Hand-Knitted Stockings Glorify Legend
By Liz Zay

"The first Saint Nicholas was a bishop in Asia Minor in the fourth Century, and is the source of our own St. Nick who fills the stockings of good children on Christmas Eve. The story is that the bishop heard of a poor man who was about to sell his three daughters into slavery because he could not provide a dowry for them. Saint Nicholas saved the daughters, one by one, with gifts of gold. Each time, because he wished to remain anonymous, he threw the gift into the house. One version of the story is that he tossed the gold down the chimney, where it fell into a stocking hung there to dry. And so it is that children still hang up their stockings, and often find in the toe, a tangerine to represent a lump of gold.

 "Mr. and Mrs. Wade Bradley, 527 East Loren, are Springfield’s answer to St. Nick. Having made her 77th Christmas stocking, Mrs. Bradley still is planning to make many more. While her favorite is a Santa Claus stocking, she has knitted snowmen and one of Santa Claus in his sleigh going over the moon. Stockings made by Mrs. Bradley are enjoyed each year by friends living in Japan, Thailand and many states.

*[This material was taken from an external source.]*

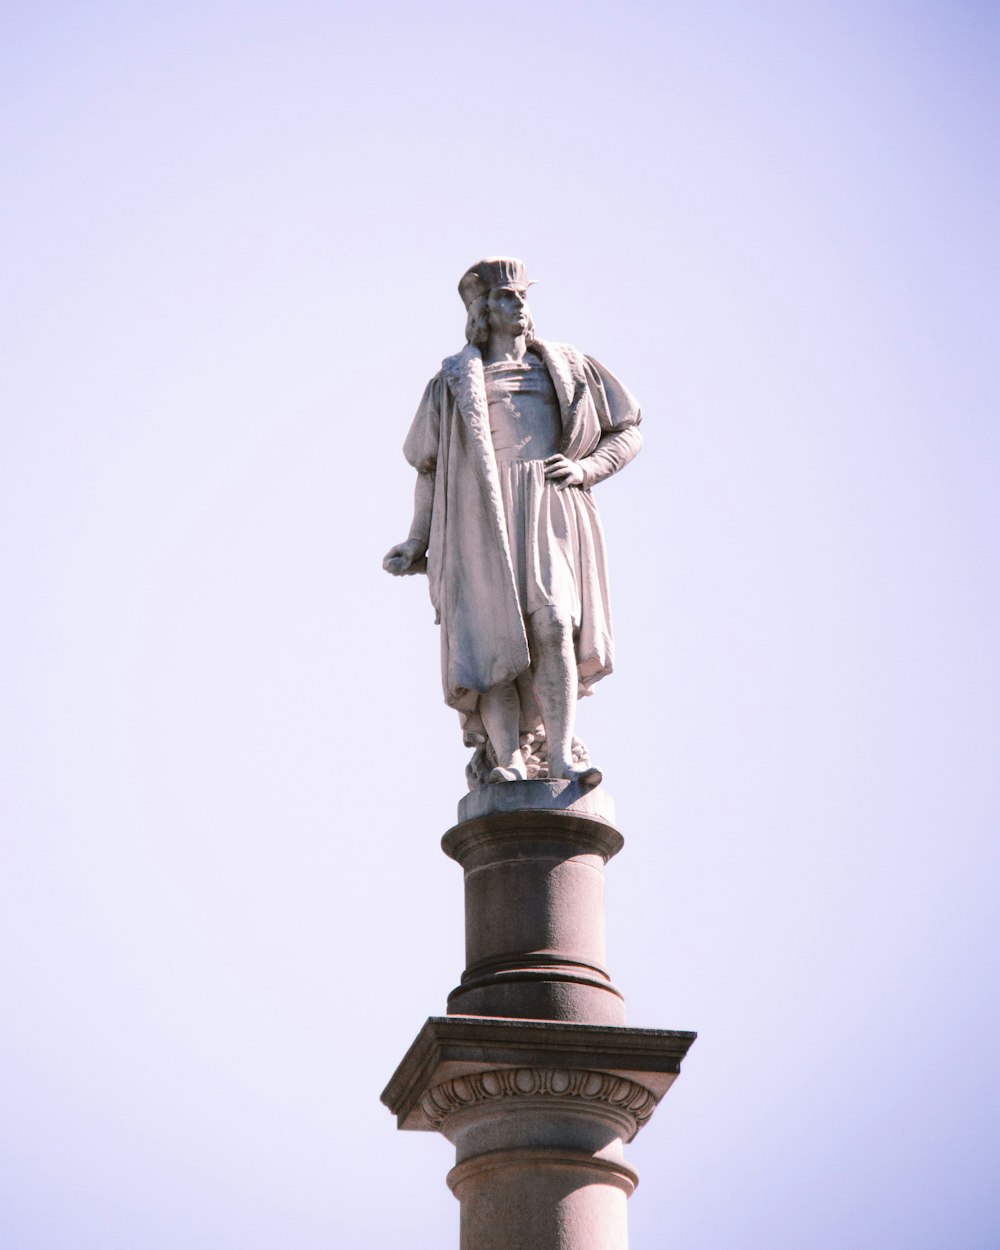 a statue of a man standing on top of a pillar

"Mrs. Bradley’s interest in knitting dates back to World War I when her first attempt was a sweater for her brother.

"When Mrs. Bradley first began to knit the stockings the cost was around $2. Now the cost of the yarn alone is $7. Mrs. Bradley never sells her stockings but gives them away. Her accomplishments are many: Cookies, candy, afghans, dish clothes and many more too numerous to mention.

"Mrs. Bradley taught her husband to knit almost two years ago and she feels that he is just as talented as she. He is working on his second hooked rug, and between them , they have knitted more that 400 dish cloths."